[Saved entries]

++++++++++++++++++++

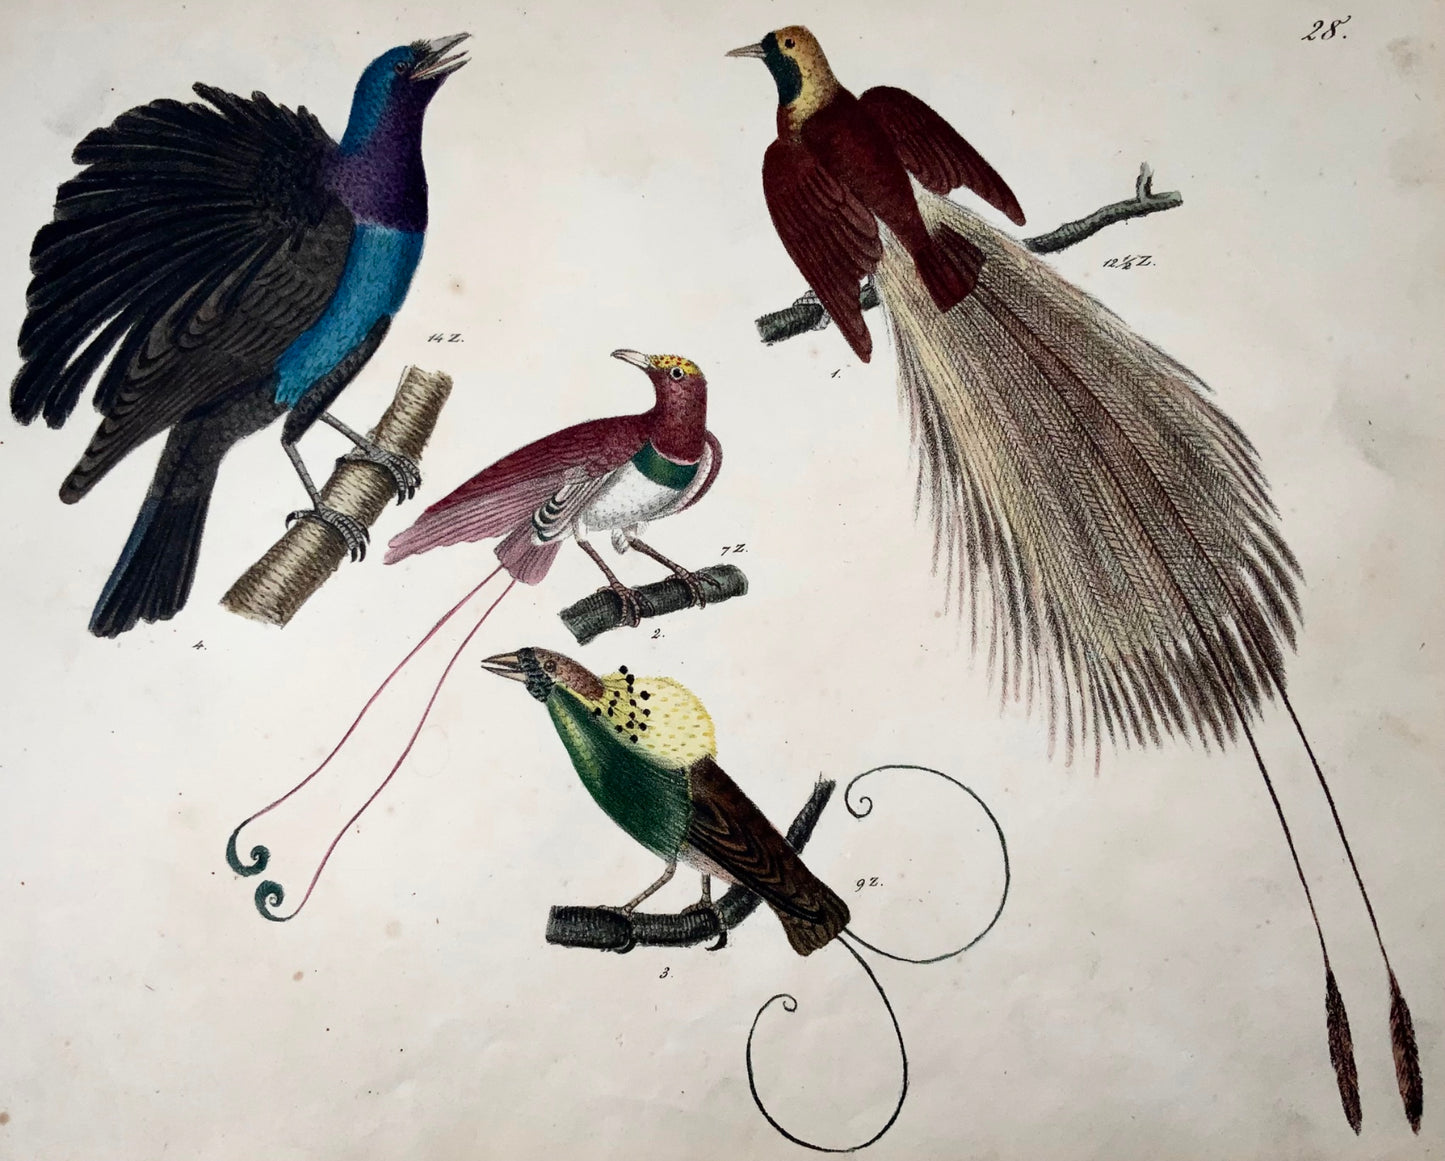 1819 Uccelli del Paradiso, ornitologia, Strack, litografia a gesso, colore a mano
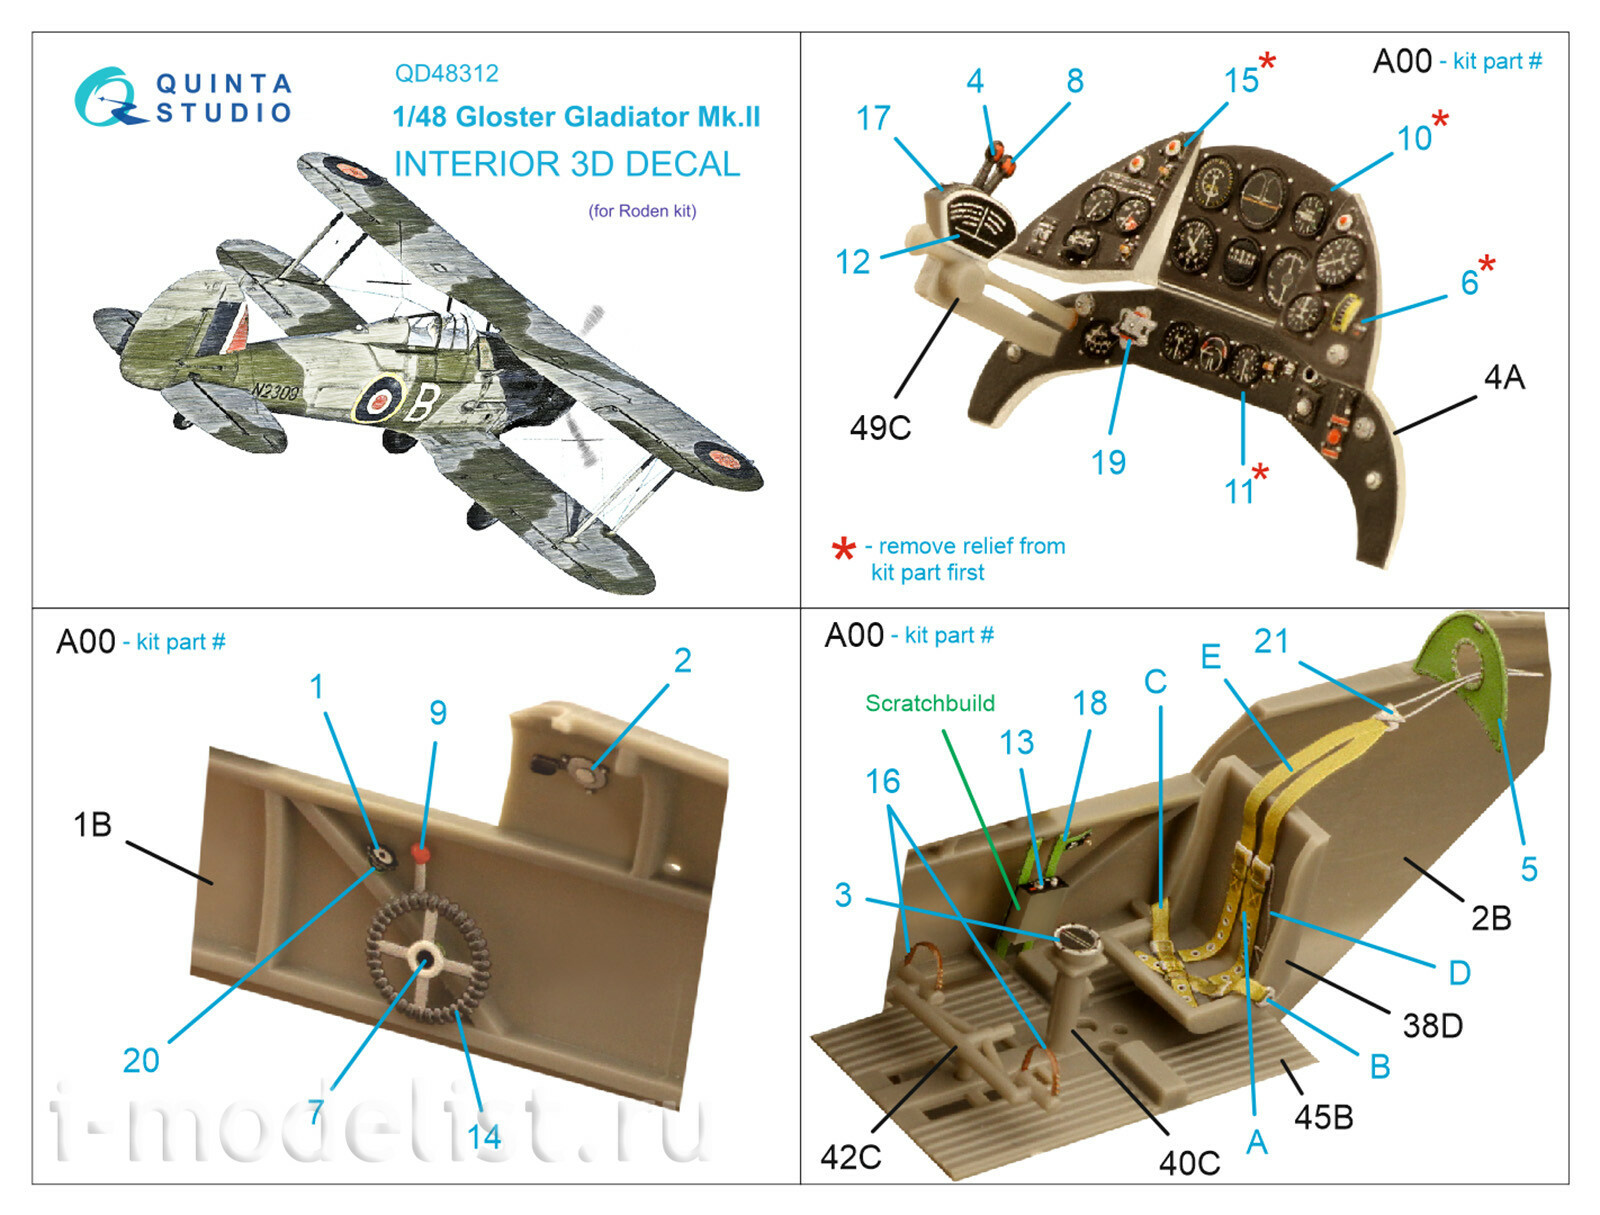 QD48312 Quinta Studio 1/48 3D Декаль интерьера Gloster Gladiator MKII (Roden)
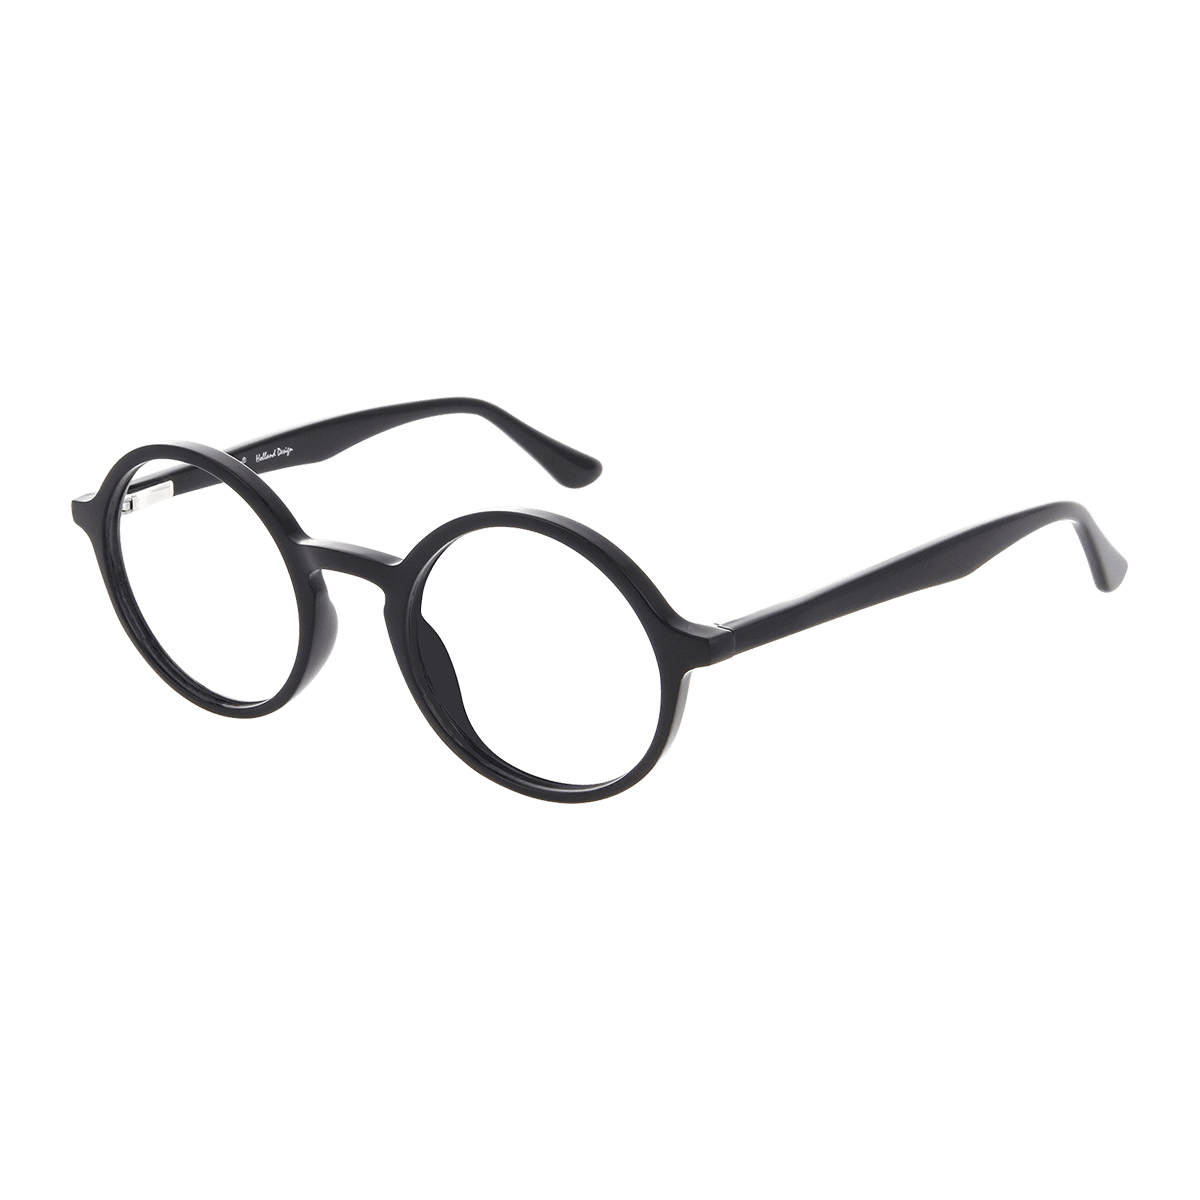 Ossa - Round Black Reading Glasses for Women
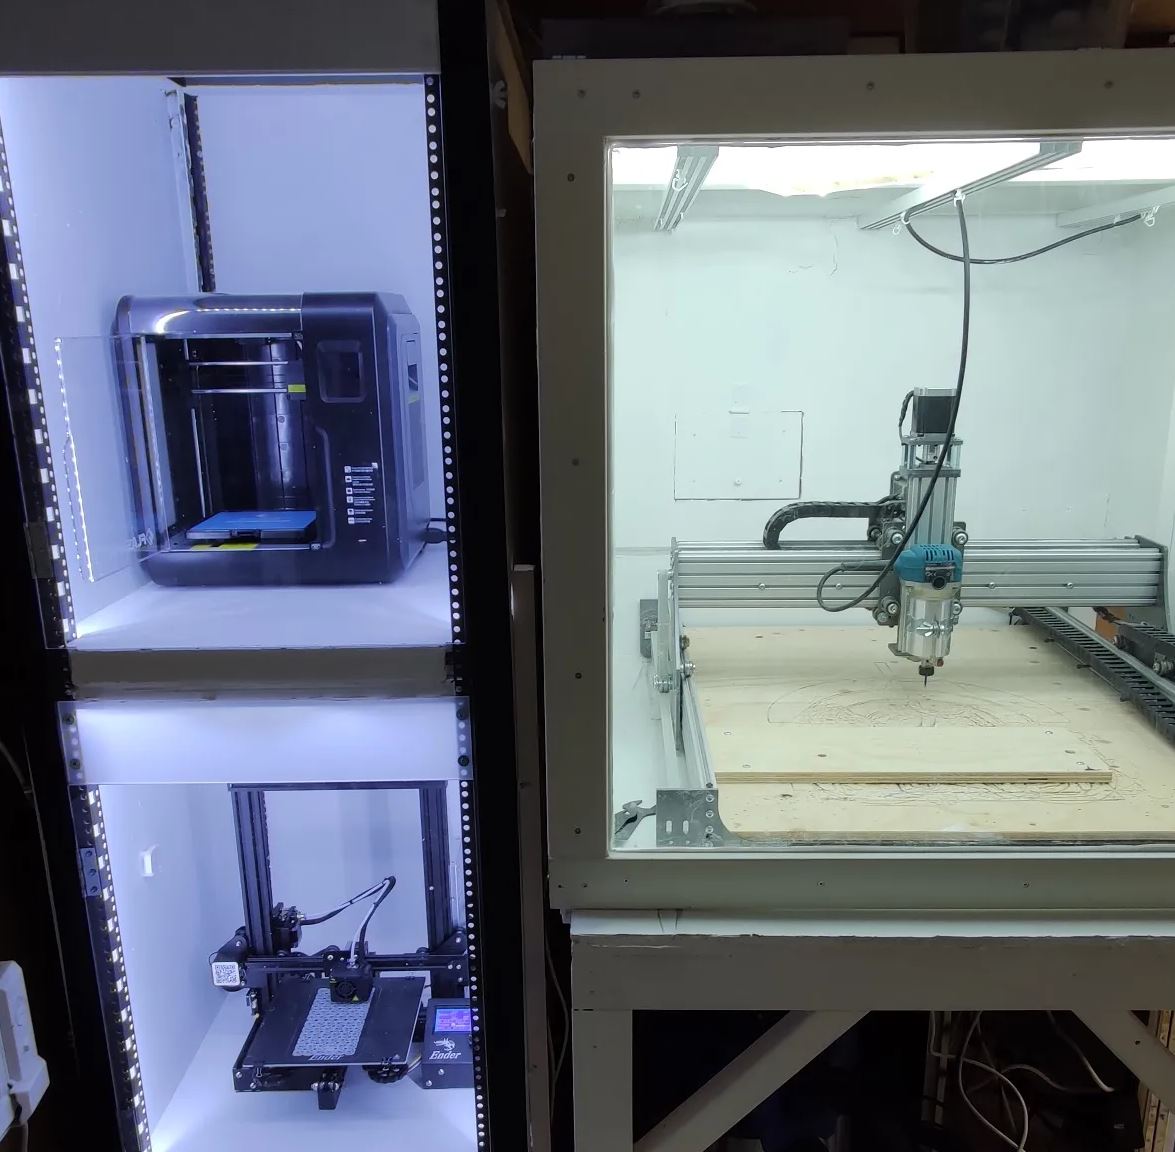 Projekt: Uppkopplade 3D skrivare & säkerhet
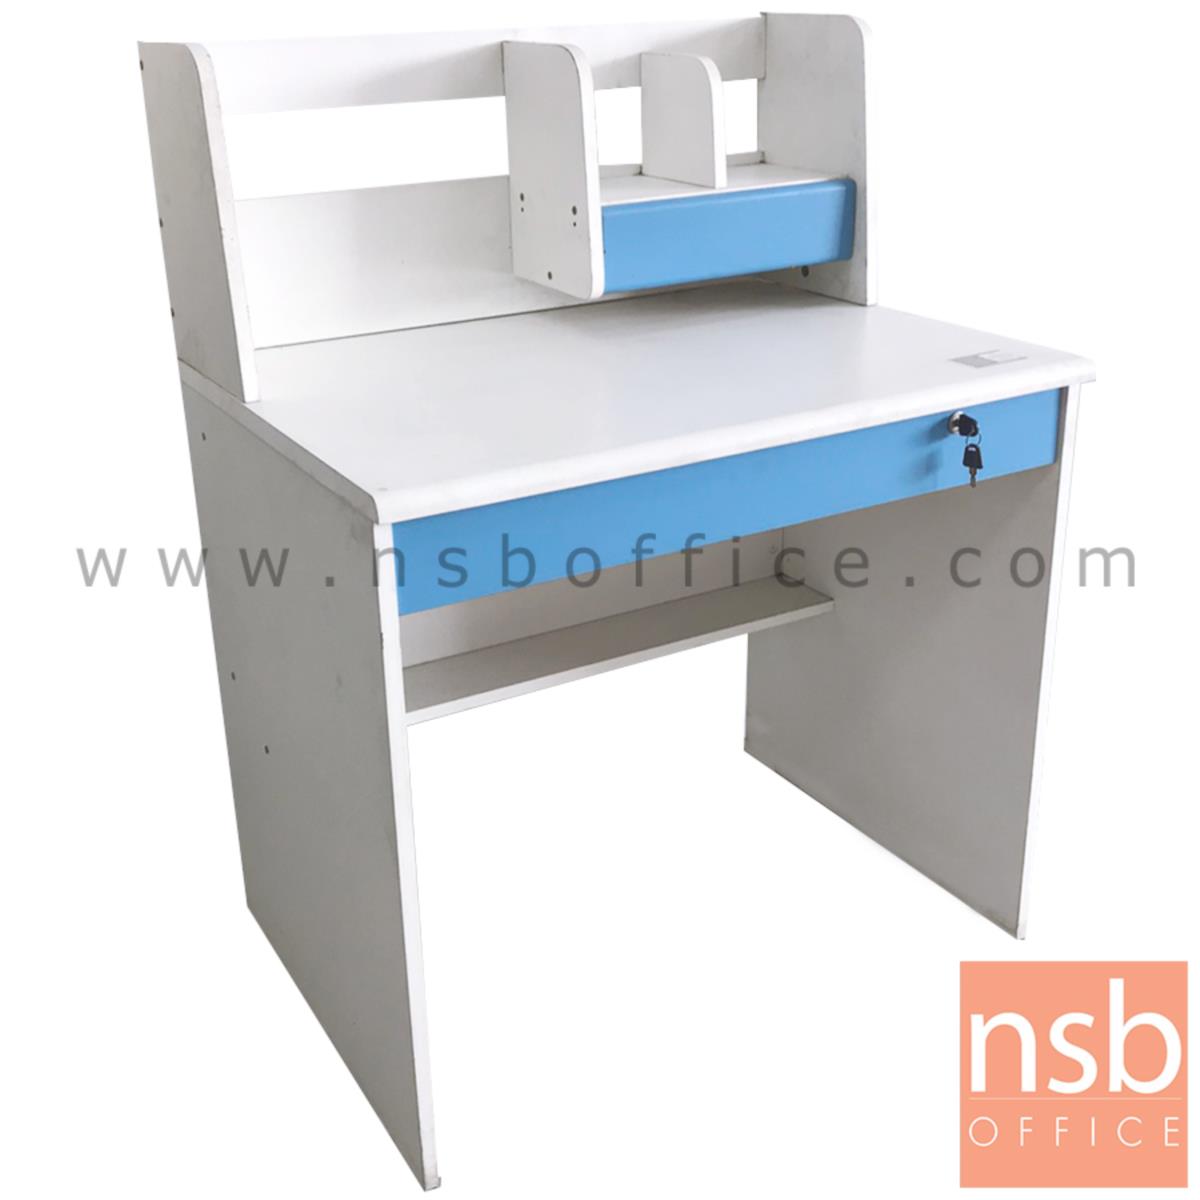 L01A037:โต๊ะทำงาน 2 ลิ้นชัก   ขนาด 80W*106H cm.  สีขาว-ฟ้า

++++++++++++++++++++

_WORK TASK_
Give the data again word for word, without pictures.

_RESULT OF THIS TASK_
 1819 Uccelli del Paradiso, ornitologia, Strack, litografia a gesso, colore a mano
 QD48312 Quinta Studio 1/48 3D Декаль интерьера Gloster Gladiator MKII (Roden)
 Ossa - Round Black Reading Glasses for Women
 Projekt: Uppkopplade 3D skrivare & säkerhet
 L01A037:โต๊ะทำงาน 2 ลิ้นชัก   ขนาด 80W*106H cm.  สีขาว-ฟ้า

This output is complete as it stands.